Petit rien

Publié le par ulfasso

Un instant là, l’autre ici vous ne me verrez pas. Je suis invisible, je suis impalpable. Ce que je fais n’a absolument aucune incidence. Je  peux bien mourir demain que le monde ne s’arretera pas de tourner. Je peux bien m’évanouir dans l’espace que ca n’empêchera pas ces enfants de jouer au ballon.

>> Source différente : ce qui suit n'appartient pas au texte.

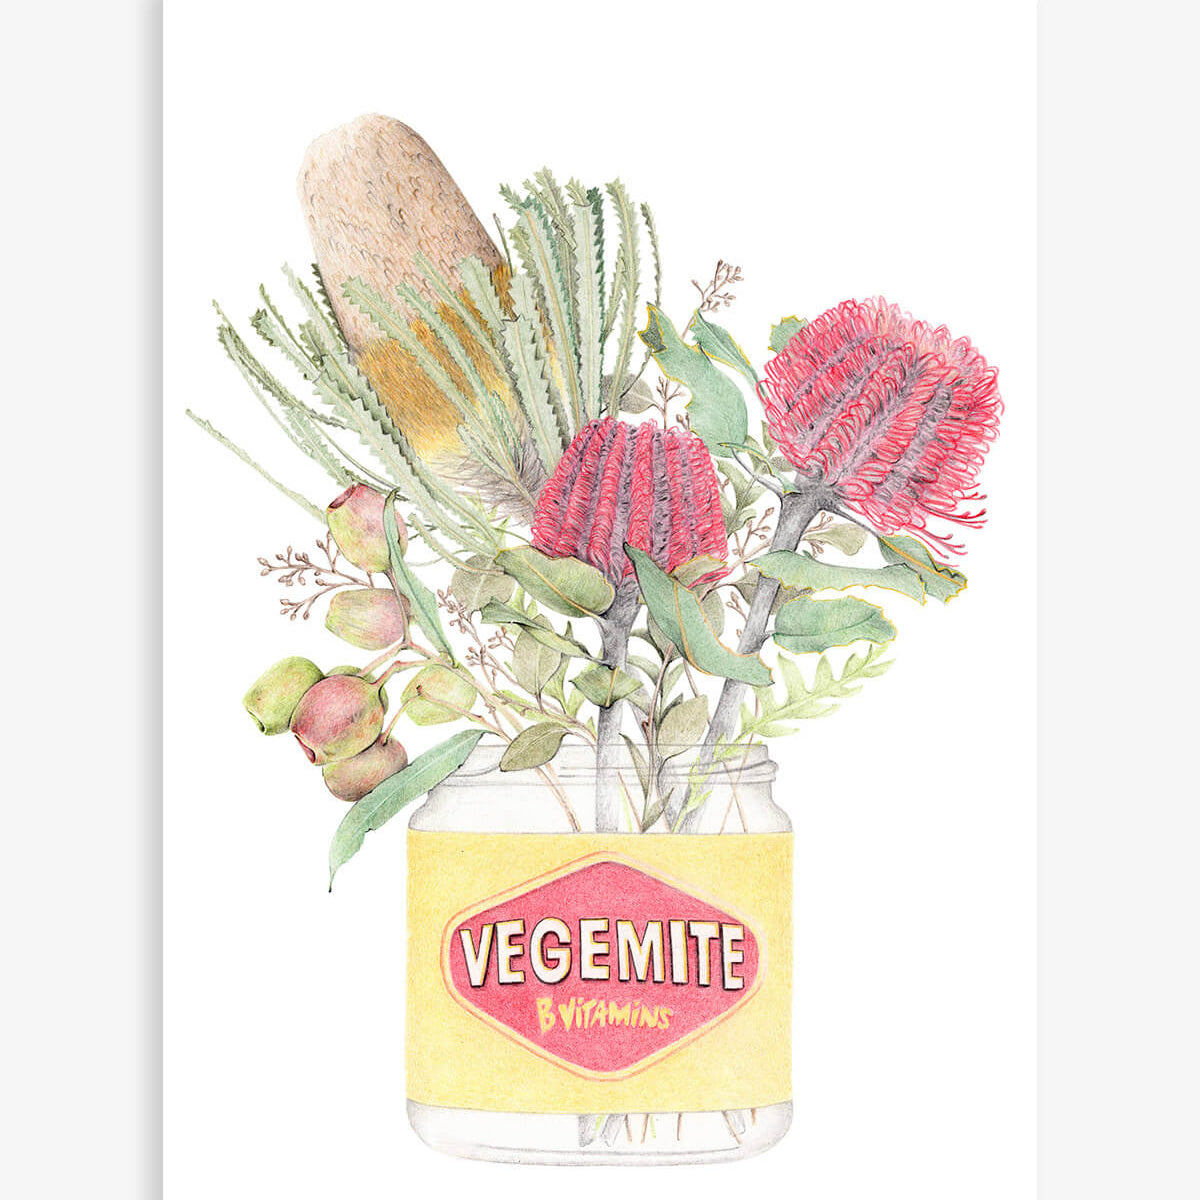 Vegemite with native Australian botanical print

On se rend compte de ca quand on a perdu toute attache, quand on sait qu’au final tout n’est que poussière du même univers.

-   Est-ce que tu m’aimes ?

-   Je ne sais pas. et si je le savais, qu’est-ce que cela changerait ? Nous ne sommes rien du tout. Toi, moi…que pourrions-nous bien vouloir dire ?

-   Tu comptes pour moi. tu es important à mes yeux.

-   Et que sais-tu de ces yeux ? disent-ils la vérité ? non, je ne pense pas que je puisse être important pour quelqu’un. Alors je te le dis,  arrêtons-là ce n’est que pure perte de temps. Non ?

Et puis donc elle est partie, sanglotant que je ne saurais jamais aimé. J’ai pensé que c’était sans doute vrai mais qu’après tout par rapport au fait que l’univers va s’effondrer sur lui-même, c’était bien peu de choses.

Elle m’a rappelé cependant. Quelques jours après cet étonnant épisode. Elle me dit :

-   Je veux t’aider. T’aider à aller mieux. A croire en quelque chose.

Je crois qu’elle voulait me donner envie d’avoir envie de quelque chose. Ou un truc comme ca. C’était pas clair. Gentil, mais pas clair…

-   Laisse moi te montrer des choses qui valent le coup.

Et c’est à ce moment là qu’elle m’a pris la main. Sa peau était délicate et douce, et étonnamment fraîche pour un mois de juillet. On s’est envolés. Véridique. Comme deux oiseaux étranges. Un petit avec une robe en soie à fleurs et un grand dégingandé avec un short cargo et une seule tongue.

On a vu pleins de trucs. La Taj Mahal, des champs de rose, des chevaux courir dans l’eau dans le sud de la France. On a fait la course avec des flamands rose. On a perdu. J’ai manqué de me cogner la tête sur l’Everest et j’ai perdu ma dernière tongue quelque part entre Jakarta et Calcutta. Je pense pas que je la retrouverai.

Et puis on est redescendu. Elle m’a lâché la main, ses joues rosées par l’altitude. L’émotion aussi peut-être.

-   Victor, je t’aime. Et tu m’es plus important que tout ce qu’on vient de voir.

Pieds nus, je regardai vaguement le ciel. Et au-delà l’espace, les étoiles, le vent cosmique, les astéroïdes. Le froid interstellaire. Le vide. Néant.

Finalement, elle est repartie. Et je suis resté là, absorbé par le rien du tout qui caractérise notre monde. Qui me caractérise.

Victor tu n’es rien, ai-je pensé, alors vis comme si rien n’était important. Car rien ne l’est jamais vraiment. Rien.